Cuda-memcheck error that I cannot figure out

chasmotron · June 28, 2021, 9:16pm

I’ll try to keep the situation as simple as possible, two fortran subroutines, one is called from within a kernel, using PGI 20.4

SUBROUTINE SUB1

!$acc routine(sub2) vector

!$acc update device(…)

!$acc parallel loop independent
DO I = 1,10
CALL SUB2
END DO

END SUBROUTINE SUB1

SUBROUTINE SUB2

INTEGER :: I, N
REAL, DIMENSION(1000) :: AA, BB, CC
REAL :: MAG

!$acc routine(sub2) vector

N = 50 ! Some value computed earlier in routine, set to 50 here

!$acc loop seq
DO I = 1,N
AA(I) = …
BB(I) = …
CC(I) = …
END DO

!$acc loop seq
DO I = 1,N
MAG = SQRT(AA(I)*AA(I) + BB(I)*BB(I) + CC(I)*CC(I))
END DO

END SUBROUTINE SUB2

If I comment out the line that sets MAG, then I get zero cuda-memcheck errors. If I uncomment the line that sets MAG, then cuda-memcheck gives me this:

========= CUDA-MEMCHECK
========= Invalid global write of size 8
========= at 0x000029b8 in sub2_
========= by thread (0,0,0) in block (51,0,0)
========= Address 0x00000000 is out of bounds
========= Device Frame:sub1_709_gpu (sub1_709_gpu : 0x458)

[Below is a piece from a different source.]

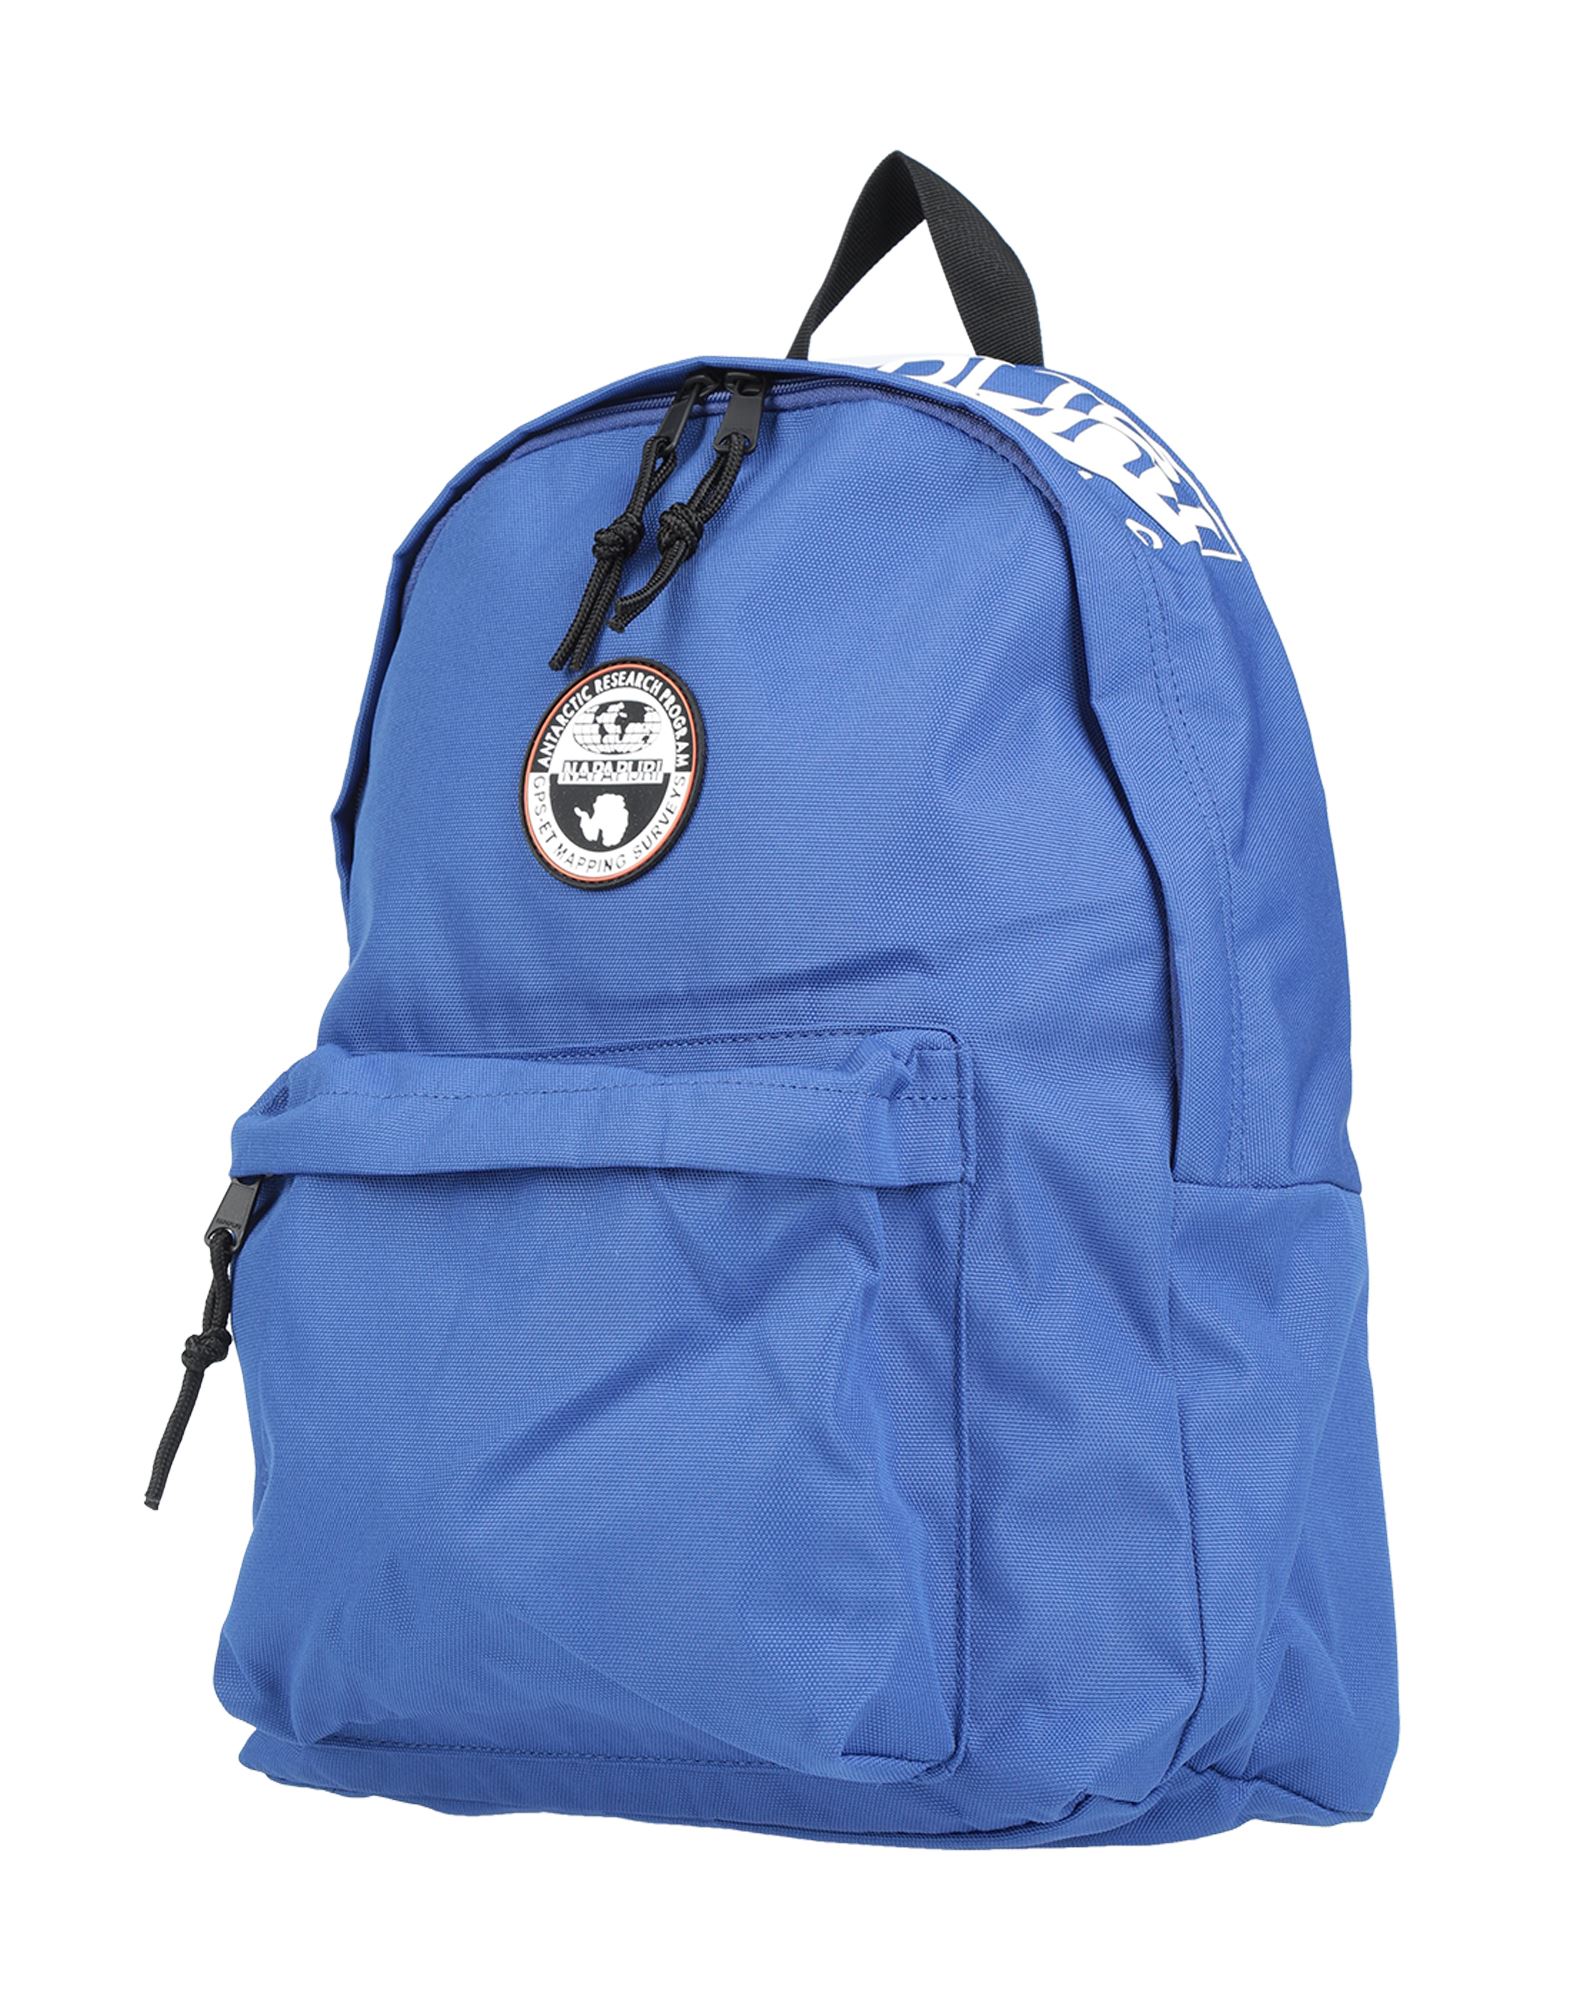 Napapijri Backpacks In Bright Blue
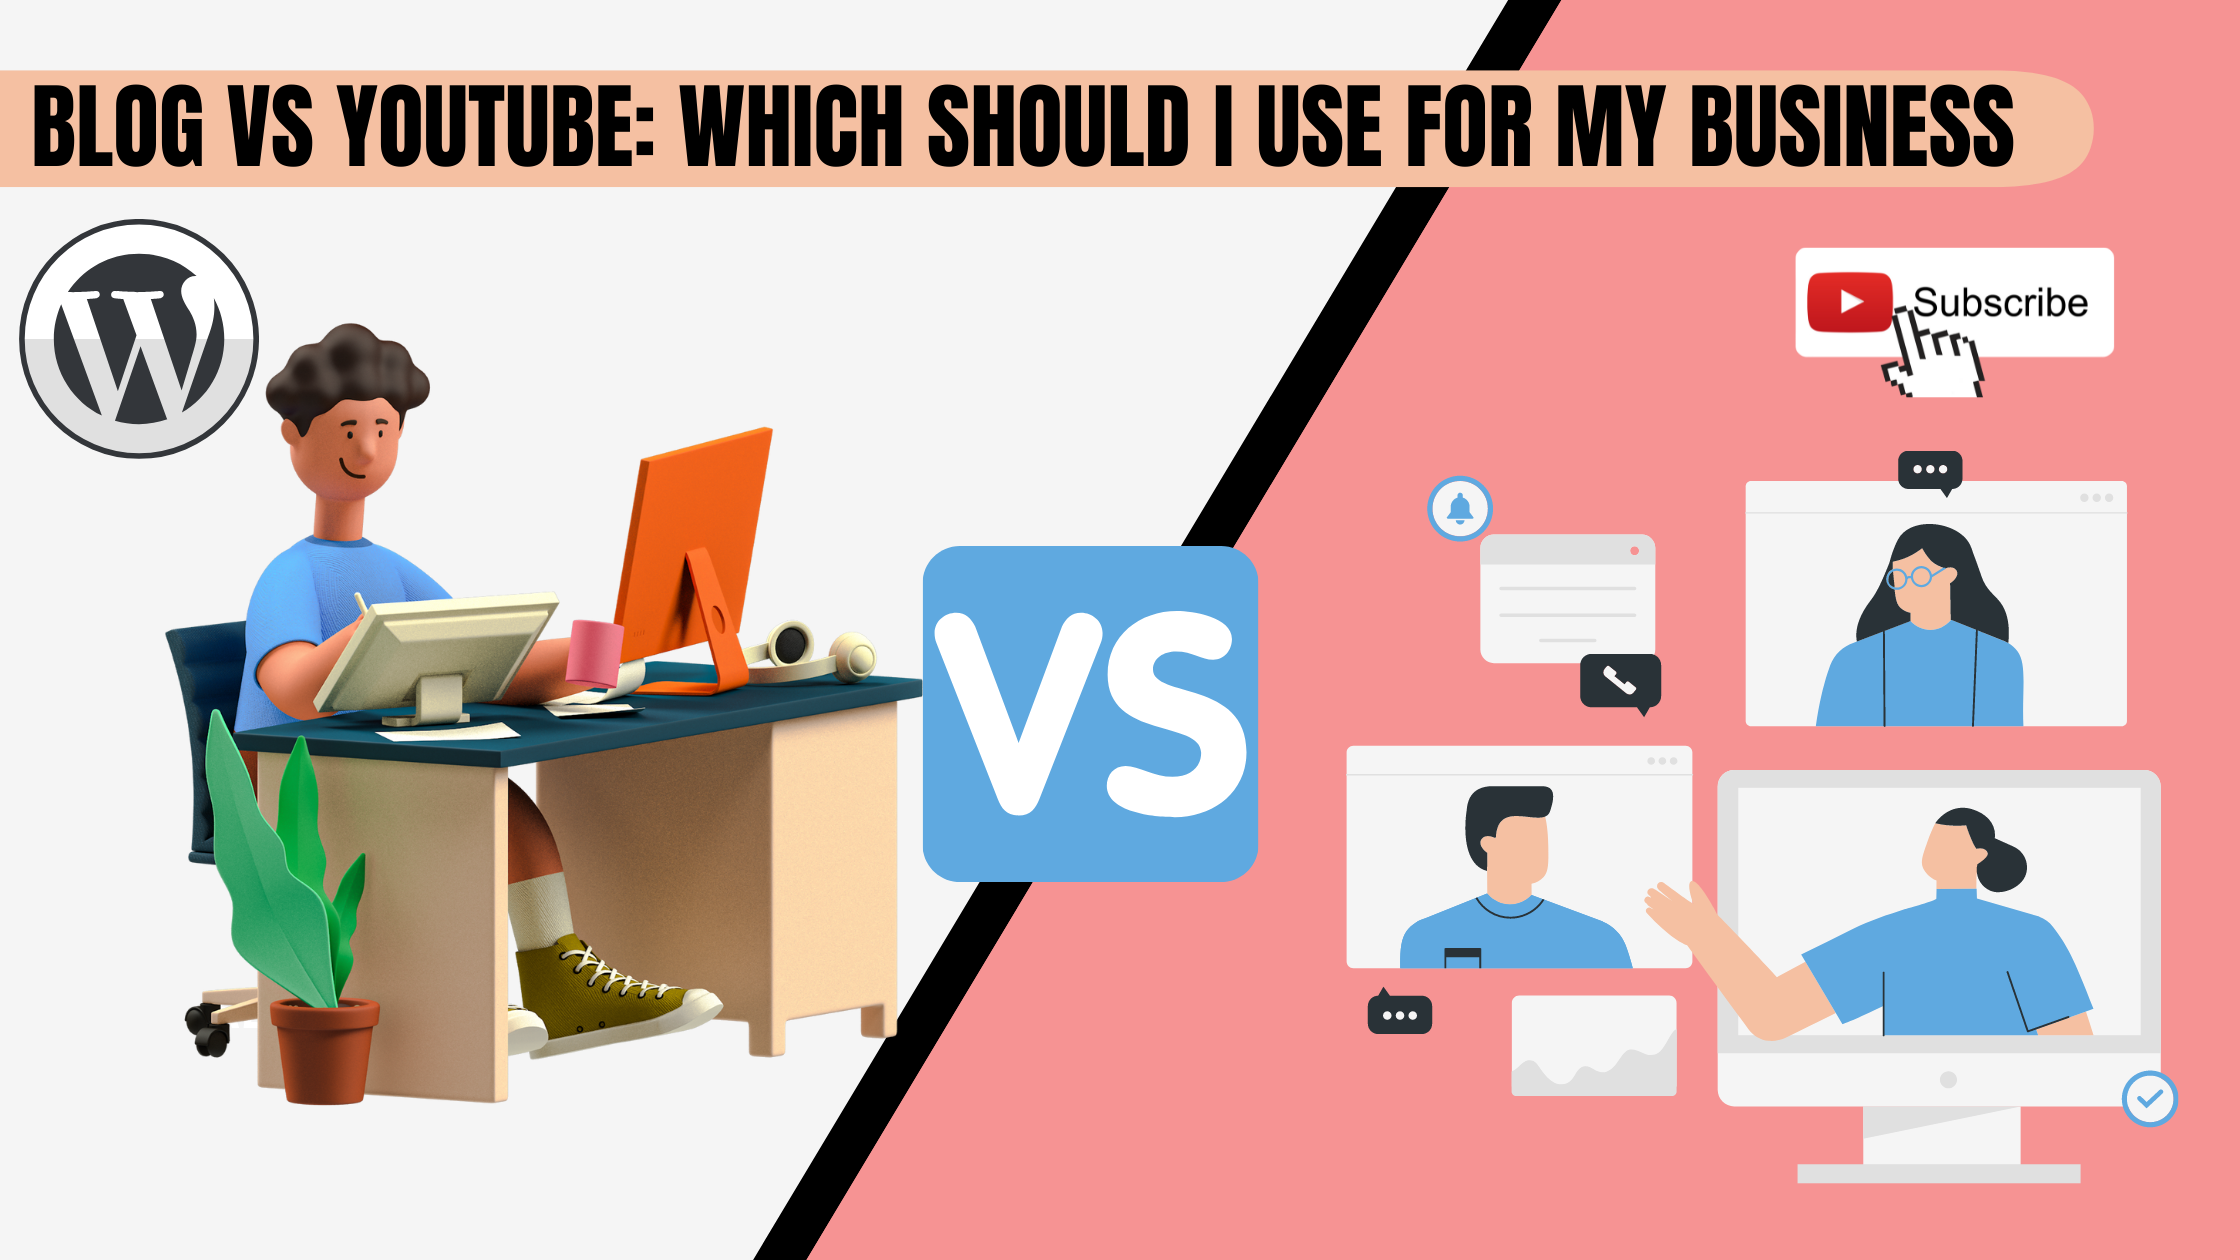 Blog vs youtube

A bounds error doesn’t make sense to me since the second loop has exactly the same bounds as the previous loop.

Any help appreciated.

MatColgrove · June 29, 2021, 4:32pm

One thing that doesn’t quite make sense is that the error occurs in block 51. Since the OpenACC gang will map to a block, and the gang loop has a trip count of 10, I’m not understanding why there are 51 blocks.

My initial thought is that it’s a stack overflow due to the size of the local arrays but not sure. What happens to you make these smaller? And/Or try increasing the stack size via the environment variable “NV_ACC_CUDA_STACKSIZE=64MB”.

If that’s not it, can you provide a complete small reproducer? That would make it easier to determine the issue.

-Mat

chasmotron · June 30, 2021, 4:15pm

Thanks for the advice. Reducing the size of the local arrays did make the error go away, although NV_ACC_CUDA_STACKSIZE didn’t seem to do anything. Does that environment variable work with PGI v.20.4 executables?

MatColgrove · June 30, 2021, 5:12pm

Does that environment variable work with PGI v.20.4 executables?

Sorry, I missed that you are using a PGI branded version which doesn’t recognize the “NV” prefix. With 20.4 it will use the “PGI” prefix, i,e, “PGI_ACC_CUDA_STACKSIZE”. The PGI prefix can be used with the new NVHPC branded compilers as well, but is deprecated.

Note that the CUDA Stacksize does have a hard limit (I believe it’s 64MB but 100% sure) so still could fail.